━━━━━ Given data
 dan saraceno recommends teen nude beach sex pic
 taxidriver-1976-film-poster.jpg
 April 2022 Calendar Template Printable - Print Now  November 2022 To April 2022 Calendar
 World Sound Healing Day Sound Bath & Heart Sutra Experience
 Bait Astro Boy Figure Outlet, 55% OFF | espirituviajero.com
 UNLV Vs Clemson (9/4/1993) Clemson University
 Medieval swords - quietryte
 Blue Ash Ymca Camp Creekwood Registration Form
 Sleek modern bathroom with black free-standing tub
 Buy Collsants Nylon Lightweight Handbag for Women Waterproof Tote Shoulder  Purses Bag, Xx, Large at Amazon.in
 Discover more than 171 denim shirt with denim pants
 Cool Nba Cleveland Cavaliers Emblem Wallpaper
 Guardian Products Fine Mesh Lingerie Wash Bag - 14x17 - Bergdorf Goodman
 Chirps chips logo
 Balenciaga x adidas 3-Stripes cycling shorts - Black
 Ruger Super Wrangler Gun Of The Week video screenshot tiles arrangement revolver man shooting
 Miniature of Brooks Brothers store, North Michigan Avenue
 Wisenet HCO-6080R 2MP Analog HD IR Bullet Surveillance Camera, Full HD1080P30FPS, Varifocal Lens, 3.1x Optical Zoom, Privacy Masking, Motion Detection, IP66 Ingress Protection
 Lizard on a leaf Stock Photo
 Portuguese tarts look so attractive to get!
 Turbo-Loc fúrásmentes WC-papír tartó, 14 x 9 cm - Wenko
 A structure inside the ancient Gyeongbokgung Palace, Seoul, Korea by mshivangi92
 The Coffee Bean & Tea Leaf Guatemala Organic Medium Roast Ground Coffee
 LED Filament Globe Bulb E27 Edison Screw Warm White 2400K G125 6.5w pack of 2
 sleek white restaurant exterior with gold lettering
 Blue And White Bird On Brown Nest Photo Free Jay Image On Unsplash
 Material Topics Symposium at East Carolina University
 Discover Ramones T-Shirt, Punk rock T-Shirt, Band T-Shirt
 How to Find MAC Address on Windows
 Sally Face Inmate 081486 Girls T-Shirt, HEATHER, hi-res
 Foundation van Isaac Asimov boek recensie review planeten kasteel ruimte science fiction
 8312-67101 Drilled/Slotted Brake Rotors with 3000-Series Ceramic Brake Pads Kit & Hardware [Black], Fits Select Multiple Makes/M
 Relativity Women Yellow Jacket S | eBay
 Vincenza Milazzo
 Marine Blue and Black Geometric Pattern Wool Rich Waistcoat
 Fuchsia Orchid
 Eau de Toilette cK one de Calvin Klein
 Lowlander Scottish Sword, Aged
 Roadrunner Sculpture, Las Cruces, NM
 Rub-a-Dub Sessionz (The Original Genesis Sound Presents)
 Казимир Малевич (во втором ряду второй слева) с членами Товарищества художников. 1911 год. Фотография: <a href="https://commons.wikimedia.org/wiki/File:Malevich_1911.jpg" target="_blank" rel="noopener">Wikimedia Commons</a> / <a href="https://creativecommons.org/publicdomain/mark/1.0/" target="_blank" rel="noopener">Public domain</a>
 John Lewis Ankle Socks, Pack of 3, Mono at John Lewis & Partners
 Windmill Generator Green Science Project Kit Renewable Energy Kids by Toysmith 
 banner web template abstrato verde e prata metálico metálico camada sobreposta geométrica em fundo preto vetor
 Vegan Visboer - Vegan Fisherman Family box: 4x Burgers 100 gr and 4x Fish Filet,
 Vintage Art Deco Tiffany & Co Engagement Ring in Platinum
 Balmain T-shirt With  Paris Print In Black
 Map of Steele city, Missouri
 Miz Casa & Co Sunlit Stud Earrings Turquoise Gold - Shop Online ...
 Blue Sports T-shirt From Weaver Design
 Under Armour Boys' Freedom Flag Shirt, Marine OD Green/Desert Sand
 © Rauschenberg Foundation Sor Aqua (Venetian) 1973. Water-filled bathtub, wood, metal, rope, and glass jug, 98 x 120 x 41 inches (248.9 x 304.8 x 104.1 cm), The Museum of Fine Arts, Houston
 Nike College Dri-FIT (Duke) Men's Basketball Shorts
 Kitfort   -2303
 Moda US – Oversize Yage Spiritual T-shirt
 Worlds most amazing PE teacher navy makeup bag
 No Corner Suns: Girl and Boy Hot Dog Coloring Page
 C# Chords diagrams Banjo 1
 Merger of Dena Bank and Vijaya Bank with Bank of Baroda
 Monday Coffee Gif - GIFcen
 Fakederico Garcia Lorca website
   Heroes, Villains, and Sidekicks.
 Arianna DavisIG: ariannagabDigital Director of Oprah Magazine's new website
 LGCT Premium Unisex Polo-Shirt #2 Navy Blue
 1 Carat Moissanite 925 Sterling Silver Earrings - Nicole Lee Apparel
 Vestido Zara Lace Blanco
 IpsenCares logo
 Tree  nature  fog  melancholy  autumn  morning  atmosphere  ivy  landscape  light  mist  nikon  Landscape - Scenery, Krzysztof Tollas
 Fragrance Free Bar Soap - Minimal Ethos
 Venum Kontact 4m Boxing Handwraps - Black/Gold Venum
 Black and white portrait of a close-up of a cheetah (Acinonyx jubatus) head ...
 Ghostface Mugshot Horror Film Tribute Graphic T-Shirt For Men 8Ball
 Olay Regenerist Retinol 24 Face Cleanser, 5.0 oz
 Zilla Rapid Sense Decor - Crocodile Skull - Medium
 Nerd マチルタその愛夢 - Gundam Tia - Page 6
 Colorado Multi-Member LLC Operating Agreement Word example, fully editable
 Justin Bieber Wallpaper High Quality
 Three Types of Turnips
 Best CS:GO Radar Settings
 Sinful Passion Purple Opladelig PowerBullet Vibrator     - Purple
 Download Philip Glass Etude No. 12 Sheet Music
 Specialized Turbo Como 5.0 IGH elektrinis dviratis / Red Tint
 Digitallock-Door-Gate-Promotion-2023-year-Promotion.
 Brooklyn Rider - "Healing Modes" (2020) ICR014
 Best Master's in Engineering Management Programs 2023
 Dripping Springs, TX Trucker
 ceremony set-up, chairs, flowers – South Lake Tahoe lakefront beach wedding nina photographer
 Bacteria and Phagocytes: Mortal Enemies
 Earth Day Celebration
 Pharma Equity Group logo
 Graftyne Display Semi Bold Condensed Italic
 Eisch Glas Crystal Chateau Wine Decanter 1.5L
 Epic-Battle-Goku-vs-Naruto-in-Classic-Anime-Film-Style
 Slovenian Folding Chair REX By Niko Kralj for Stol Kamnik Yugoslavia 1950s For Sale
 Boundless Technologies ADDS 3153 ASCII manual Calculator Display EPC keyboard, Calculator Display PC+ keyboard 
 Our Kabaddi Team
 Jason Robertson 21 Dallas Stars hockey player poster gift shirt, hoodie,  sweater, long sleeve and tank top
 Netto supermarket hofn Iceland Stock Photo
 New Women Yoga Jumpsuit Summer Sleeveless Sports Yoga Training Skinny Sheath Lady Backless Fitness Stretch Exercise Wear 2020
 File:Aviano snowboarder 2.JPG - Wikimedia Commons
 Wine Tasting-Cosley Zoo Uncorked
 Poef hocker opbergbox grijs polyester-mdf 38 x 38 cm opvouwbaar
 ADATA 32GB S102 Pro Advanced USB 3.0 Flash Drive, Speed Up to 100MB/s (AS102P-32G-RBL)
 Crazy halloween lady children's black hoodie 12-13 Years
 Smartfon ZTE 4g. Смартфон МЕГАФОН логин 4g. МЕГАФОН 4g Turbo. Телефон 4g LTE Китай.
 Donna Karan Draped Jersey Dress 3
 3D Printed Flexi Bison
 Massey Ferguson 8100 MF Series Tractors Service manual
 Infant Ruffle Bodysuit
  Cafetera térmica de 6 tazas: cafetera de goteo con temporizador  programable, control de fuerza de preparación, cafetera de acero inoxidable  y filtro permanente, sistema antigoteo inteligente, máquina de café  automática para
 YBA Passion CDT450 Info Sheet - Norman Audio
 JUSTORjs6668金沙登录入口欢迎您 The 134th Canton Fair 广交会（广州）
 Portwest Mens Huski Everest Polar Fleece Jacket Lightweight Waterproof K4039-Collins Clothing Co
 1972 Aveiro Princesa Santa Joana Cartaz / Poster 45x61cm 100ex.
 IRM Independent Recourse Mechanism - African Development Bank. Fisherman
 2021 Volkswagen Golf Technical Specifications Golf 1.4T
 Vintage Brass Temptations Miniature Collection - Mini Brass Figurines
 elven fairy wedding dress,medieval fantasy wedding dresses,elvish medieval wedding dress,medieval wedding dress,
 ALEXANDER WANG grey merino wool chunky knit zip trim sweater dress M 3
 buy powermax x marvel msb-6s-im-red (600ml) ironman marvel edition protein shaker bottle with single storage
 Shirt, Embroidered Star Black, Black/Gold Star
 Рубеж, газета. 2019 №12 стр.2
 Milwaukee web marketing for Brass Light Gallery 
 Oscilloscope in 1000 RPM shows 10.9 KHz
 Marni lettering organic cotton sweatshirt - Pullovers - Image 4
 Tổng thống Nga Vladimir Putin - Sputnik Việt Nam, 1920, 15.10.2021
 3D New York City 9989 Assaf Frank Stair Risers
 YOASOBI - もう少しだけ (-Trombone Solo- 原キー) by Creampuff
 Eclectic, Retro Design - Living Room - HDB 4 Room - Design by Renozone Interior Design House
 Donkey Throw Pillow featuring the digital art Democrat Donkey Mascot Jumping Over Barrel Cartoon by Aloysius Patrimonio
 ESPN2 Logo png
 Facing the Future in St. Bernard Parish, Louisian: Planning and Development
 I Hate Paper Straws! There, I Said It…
━━━━━━━━━━
Problem to work on: In the listing above, locate the line containing "Discover Ramones T-Shirt, Punk" and the line containing "Under Armour Boys'". Transcribe those two lines and everything between them, exactly as written.

Exercise answer:
 Discover Ramones T-Shirt, Punk rock T-Shirt, Band T-Shirt
 How to Find MAC Address on Windows
 Sally Face Inmate 081486 Girls T-Shirt, HEATHER, hi-res
 Foundation van Isaac Asimov boek recensie review planeten kasteel ruimte science fiction
 8312-67101 Drilled/Slotted Brake Rotors with 3000-Series Ceramic Brake Pads Kit & Hardware [Black], Fits Select Multiple Makes/M
 Relativity Women Yellow Jacket S | eBay
 Vincenza Milazzo
 Marine Blue and Black Geometric Pattern Wool Rich Waistcoat
 Fuchsia Orchid
 Eau de Toilette cK one de Calvin Klein
 Lowlander Scottish Sword, Aged
 Roadrunner Sculpture, Las Cruces, NM
 Rub-a-Dub Sessionz (The Original Genesis Sound Presents)
 Казимир Малевич (во втором ряду второй слева) с членами Товарищества художников. 1911 год. Фотография: <a href="https://commons.wikimedia.org/wiki/File:Malevich_1911.jpg" target="_blank" rel="noopener">Wikimedia Commons</a> / <a href="https://creativecommons.org/publicdomain/mark/1.0/" target="_blank" rel="noopener">Public domain</a>
 John Lewis Ankle Socks, Pack of 3, Mono at John Lewis & Partners
 Windmill Generator Green Science Project Kit Renewable Energy Kids by Toysmith 
 banner web template abstrato verde e prata metálico metálico camada sobreposta geométrica em fundo preto vetor
 Vegan Visboer - Vegan Fisherman Family box: 4x Burgers 100 gr and 4x Fish Filet,
 Vintage Art Deco Tiffany & Co Engagement Ring in Platinum
 Balmain T-shirt With  Paris Print In Black
 Map of Steele city, Missouri
 Miz Casa & Co Sunlit Stud Earrings Turquoise Gold - Shop Online ...
 Blue Sports T-shirt From Weaver Design
 Under Armour Boys' Freedom Flag Shirt, Marine OD Green/Desert Sand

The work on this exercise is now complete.